Depending on your ambitions, a biome may be little more than a color swap of a common generation algorithm, or it can be a totally different entity with its own noises, style and blocks.

I’m leaning towards the latter.

How to select which biome to use at which location

This is more of an open-ended question than anything. The method with which you define which biome a particular area of the map uses is entirely up to you.

An example straight from Wikipedia – by Ville Koistinen (user Vzb83)

It can be almost random (reminder: it should actually be pseudo-random, and always be the same for the same map – like most things we’ve done up until now, using the world coordinates to generate pseudo-randomness is a straightforward way to go).

It can also (try to) be realistic. In real life, what we call biomes are just groups based on natural conditions. The advantage of basing your biome selection algorithm on semi-realistic data is that, obviously, your worlds will look more realistic. With the completely random method from above, you may very well end up with a scorching hot desert directly next to snow-covered taiga.

The last sentence should give you a hint for the semi-realistic approach. One popular method is to use the combination of elevation, moisture and temperature to define the biome.

This one only shows moisture and temperature – by Navarras

Once you have this information (elevation, moisture, temperature – we’re going to discuss how to generate it just below!), the easiest is to use a lookup table.

In my case, I gather the full list of biomes I’ve configured at the start of the game. These biomes contain their ‘coordinates’ (elevation, moisture, temperature) with which I generate a 3d array (lookup table). Each biome represents a ‘point’ in this array. Next, I simply floodfill from each of these starting points until the array is full of valid biome values.

If you do that, you end up with something similar to the previous picture:

The above is a test example from my project. It doesn’t make any realistic sense, it’s just random biomes with random coordinates producing a lookup table. What we’re seeing is the temperature and moisture distribution. The ’15’ at the bottom is the elevation, and pressing the arrow button on the left and right would update the lookup table above with the new ‘elevation slice’.

If I were to generate a block with an elevation of 15 (arbitrary units for the sake of the example), a moisture 0.5 (range between 0 and 1) and a temperature of 0.5, the biome lookup would return the ‘grey biome’.

Picking a data structure fit for your needs

Now that we know the data we need to select biomes, we might be tempted to generate our noises (elevation, moisture, temperature – or whatever pseudo-random approach you chose) on the block themselves, and then forget about it.

This is a perfectly valid approach, however it can become quite costly, and you lose some precious information about the biome generation. Furthermore, in my case I want to get more out of the biomes than simply block-level data like height or block types. Indeed, I wish for my biomes to be complex entities, potentially having gameplay impacts well after they’ve been generated. By that I mean that I want to be able to keep track of and identify the biome area, I want to be able to give a procedurally generated label to them (for example, imagine the player sees a message like ‘You’ve just entered the forest of XXX’ as they step into a nice pine-tree biome), etc.

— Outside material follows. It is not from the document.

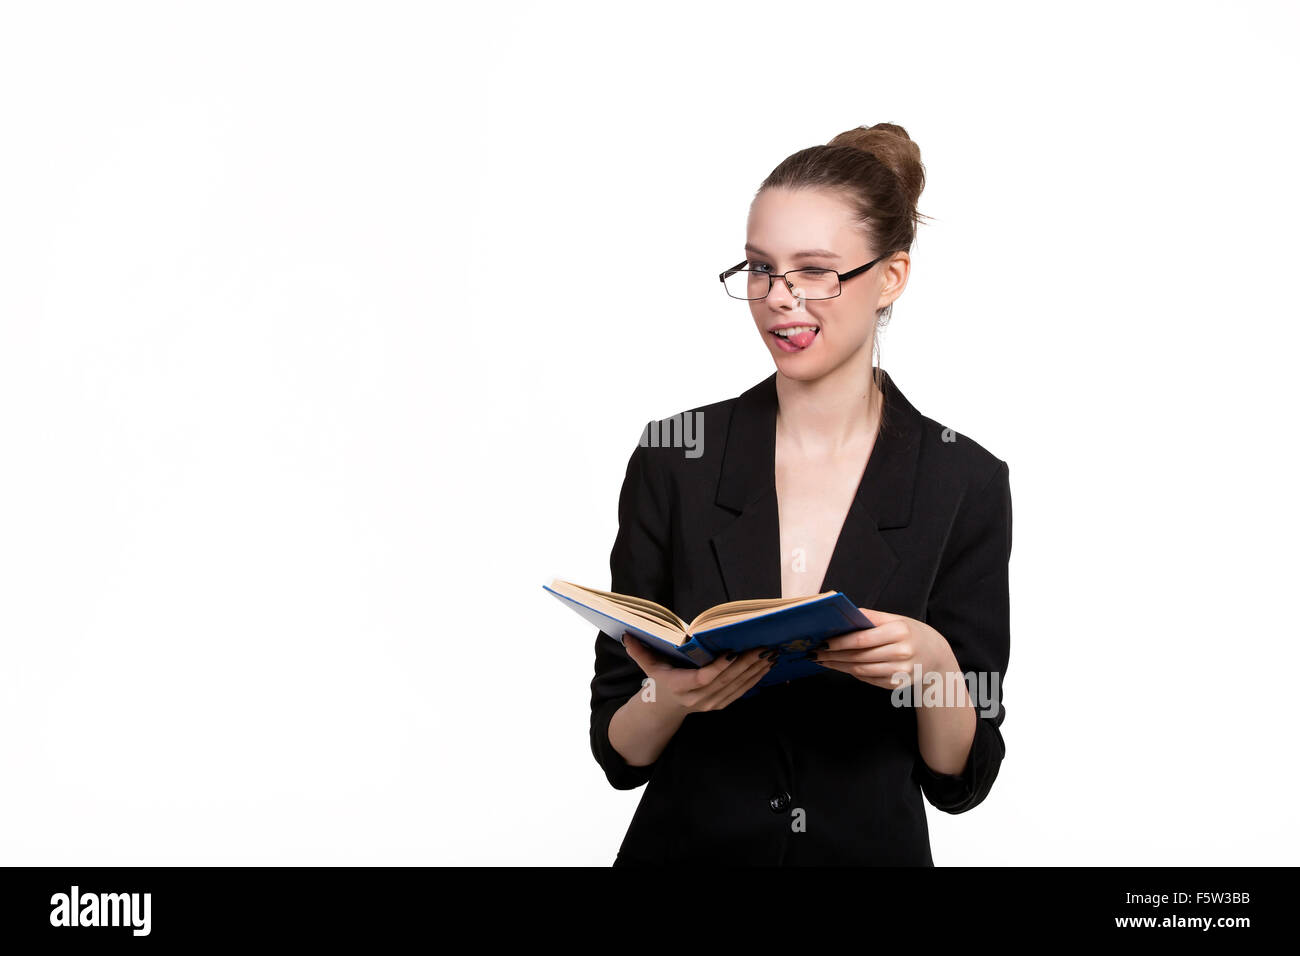 Schöne Studentin ein Buch hält und lächelnd auf einem weißen Hintergrund Stockfoto

Doing all of this at the block level could eat a lot of your memory, disk space and generation time budgets. If you’ve read the previous articles, you know that when talking about generation for procedural, blocky games, undersampling is king.

After all, biomes are most likely to cover very large areas of your map. Computing block-level details for them is wasteful. What if we had a coarser, less defined data structure to generate them?

Remember the chunk regions? I’ve briefly talked about them in previous articles and videos. In my project, all chunks are part of a bigger region (colored cubes in the above image).

Up until now, regions didn’t do much in my game, but we’re about to make them work hard for us! Let me present to you the region points.

Region points

When spawning regions (so before any chunks is generated for this region), I’m generating regions points based on a ‘region size’ (just like how chunks generate blocks based on a ‘chunk size’). Note: for now I will only be talking about 2d regions, because this is where we define our 2d biomes.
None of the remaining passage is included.